In fact, the Court went on to says, 9

... it is illusive to assume that had these precautions been taken, the hijacking or the robbery would not
have succeeded. The mandatory use of the most sophisticated electronic detection devices and
magnetometers, the imposition of severe penalties, the development of screening procedures, the
compilation of hijacker behavioural profiles, the assignment of sky marshals, and the weight of outraged
world opinion may have minimized hijackings but all these have proved ineffective against truly
determined hijackers. World experience shows that if a group of armed hijackers want to take over a
plane in flight, they can elude the latest combined government and airline industry measures. And as our
own experience in Zamboanga City illustrates, the use of force to overcome hijackers, results in the
death and injury of innocent passengers and crew members. We are not in the least bit suggesting that
the Philippine Airlines should not do everything humanly possible to protect passengers from hijackers'
acts. We merely state that where the defendant has faithfully complied with the requirements of
government agencies and adhered to the established procedures and precautions of the airline industry
at any particular time, its failure to take certain steps that a passenger in hindsight believes should have
been taken is not the negligence or misconduct which mingles with force majeure as an active and
cooperative cause.
Under the circumstance of the instant case, the acts of the airline and its crew cannot be faulted as
negligence. The hijackers had already shown their willingness to kill. One passenger was in fact killed and
another survived gunshot wounds. The lives of the rest of the passengers and crew were more important
than their properties. Cooperation with the hijackers until they released their hostages at the runway
end near the South Superhighway was dictated by the circumstances.

Insisting that the evidence demonstrates negligence on the part of the PAL crew "occurring before and
exposing them to hijacking," Quisumbing and Loeffler have come up to this Court praying that the
judgments of the trial Court and the Court of Appeals be reversed and another rendered in their favor.
Once again, the issue will be resolved against them.

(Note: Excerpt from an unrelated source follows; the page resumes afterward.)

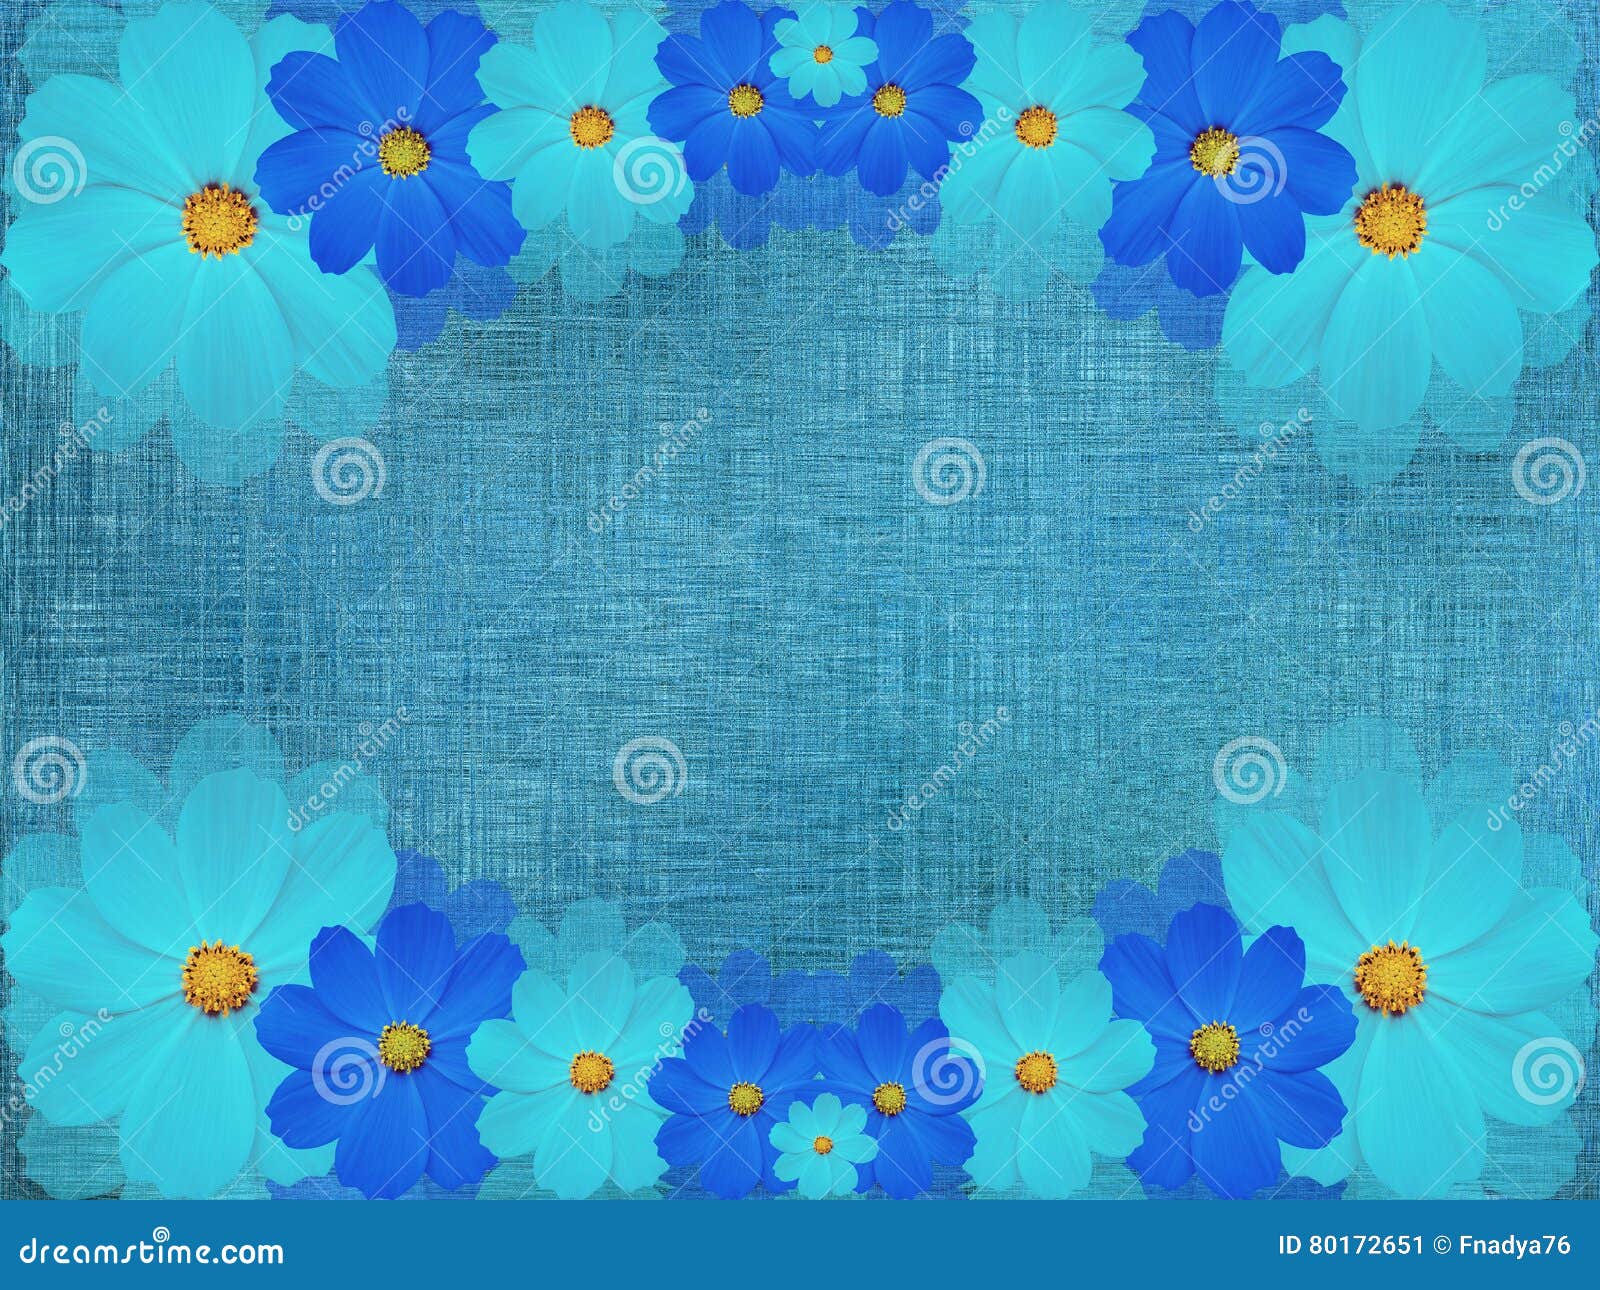 Flores Azuis De Turquesa, No Fundo De Azul-turquesa Composição Floral  Brilhante Ilustração Stock - Ilustração de flor, wallpaper: 80172651

A careful analysis of the record in relation to the memoranda and other pleadings of the parties,
convinces this Court of the correctness of the essential conclusion of both the trial and appellate courts
that the evidence does indeed fail to prove any want of diligence on the part of PAL, or that, more
specifically, it had failed to comply with applicable regulations or universally accepted and observed
procedures to preclude hijacking; and that the particular acts singled out by the petitioners as
supposedly demonstrative of negligence were, in the light of the circumstances of the case, not in truth
negligent acts "sufficient to overcome the force majeure nature of the armed robbery." The Court quite
agrees, too, with the Appellate Tribunal's wry observation that PAL's "failure to take certain steps that a
passenger in hindsight believes should have been taken is not the negligence or misconduct which
mingles with force majeure as an active and cooperative cause."

No success can therefore attend petitioners' appeal, not only because they wish to have a review and
modification of factual conclusions of the Court of Appeals, which established and uniformly observed
axiom proscribes, 10 but also because those factual conclusions have in this Court's view been correctly
drawn from the proofs on record.

WHEREFORE, the petition is DENIED and the appealed Decision of the Court of Appeals is AFFIRMED,
with costs against petitioners.

SO ORDERED.

Cruz, Gancayco, Griño-Aquino and Medialdea, JJ., concur.